* [Exercise objective]
Say how many lines in the records hold the word "Green", and give nothing but that number.
----
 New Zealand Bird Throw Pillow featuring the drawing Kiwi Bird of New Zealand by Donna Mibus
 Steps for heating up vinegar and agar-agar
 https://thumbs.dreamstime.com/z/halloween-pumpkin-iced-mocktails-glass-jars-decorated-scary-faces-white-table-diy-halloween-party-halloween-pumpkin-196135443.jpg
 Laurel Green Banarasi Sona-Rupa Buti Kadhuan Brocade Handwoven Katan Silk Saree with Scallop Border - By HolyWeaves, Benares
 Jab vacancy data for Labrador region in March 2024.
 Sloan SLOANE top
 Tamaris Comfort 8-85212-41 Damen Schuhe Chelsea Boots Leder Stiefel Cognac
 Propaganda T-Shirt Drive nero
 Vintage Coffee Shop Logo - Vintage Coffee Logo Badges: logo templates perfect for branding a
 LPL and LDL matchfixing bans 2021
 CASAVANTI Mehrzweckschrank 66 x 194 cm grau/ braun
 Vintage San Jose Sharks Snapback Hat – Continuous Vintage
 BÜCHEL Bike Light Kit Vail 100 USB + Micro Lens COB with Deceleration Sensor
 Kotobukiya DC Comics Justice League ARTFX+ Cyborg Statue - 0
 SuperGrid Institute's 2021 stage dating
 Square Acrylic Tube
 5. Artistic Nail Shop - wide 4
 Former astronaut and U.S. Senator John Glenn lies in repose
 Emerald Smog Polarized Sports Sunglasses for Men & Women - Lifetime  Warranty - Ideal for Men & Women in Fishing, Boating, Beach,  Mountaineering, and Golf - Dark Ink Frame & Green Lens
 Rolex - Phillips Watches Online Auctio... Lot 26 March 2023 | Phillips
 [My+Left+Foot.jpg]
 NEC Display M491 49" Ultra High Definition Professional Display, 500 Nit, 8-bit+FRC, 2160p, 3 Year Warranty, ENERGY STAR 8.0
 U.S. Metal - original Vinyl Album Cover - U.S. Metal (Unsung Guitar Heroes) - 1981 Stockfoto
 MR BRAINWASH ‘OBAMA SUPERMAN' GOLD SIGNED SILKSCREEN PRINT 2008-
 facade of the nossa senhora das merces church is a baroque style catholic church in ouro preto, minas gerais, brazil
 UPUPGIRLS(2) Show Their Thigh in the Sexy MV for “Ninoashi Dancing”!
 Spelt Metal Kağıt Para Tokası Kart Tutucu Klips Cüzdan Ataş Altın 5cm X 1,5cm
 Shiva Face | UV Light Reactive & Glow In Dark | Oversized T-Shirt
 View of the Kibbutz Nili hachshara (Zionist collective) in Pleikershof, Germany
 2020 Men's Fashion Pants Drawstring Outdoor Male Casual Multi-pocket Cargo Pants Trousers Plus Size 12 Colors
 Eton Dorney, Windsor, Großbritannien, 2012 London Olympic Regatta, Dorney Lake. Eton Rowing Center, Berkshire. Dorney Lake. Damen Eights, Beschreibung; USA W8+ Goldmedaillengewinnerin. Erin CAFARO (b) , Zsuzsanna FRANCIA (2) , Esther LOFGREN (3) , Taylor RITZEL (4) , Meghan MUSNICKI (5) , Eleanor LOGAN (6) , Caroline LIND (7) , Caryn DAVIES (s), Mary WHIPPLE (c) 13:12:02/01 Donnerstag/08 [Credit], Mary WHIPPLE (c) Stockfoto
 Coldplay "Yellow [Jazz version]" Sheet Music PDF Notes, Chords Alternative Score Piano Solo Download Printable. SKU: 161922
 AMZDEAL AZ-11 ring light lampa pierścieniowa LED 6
----
* [Final answer]
2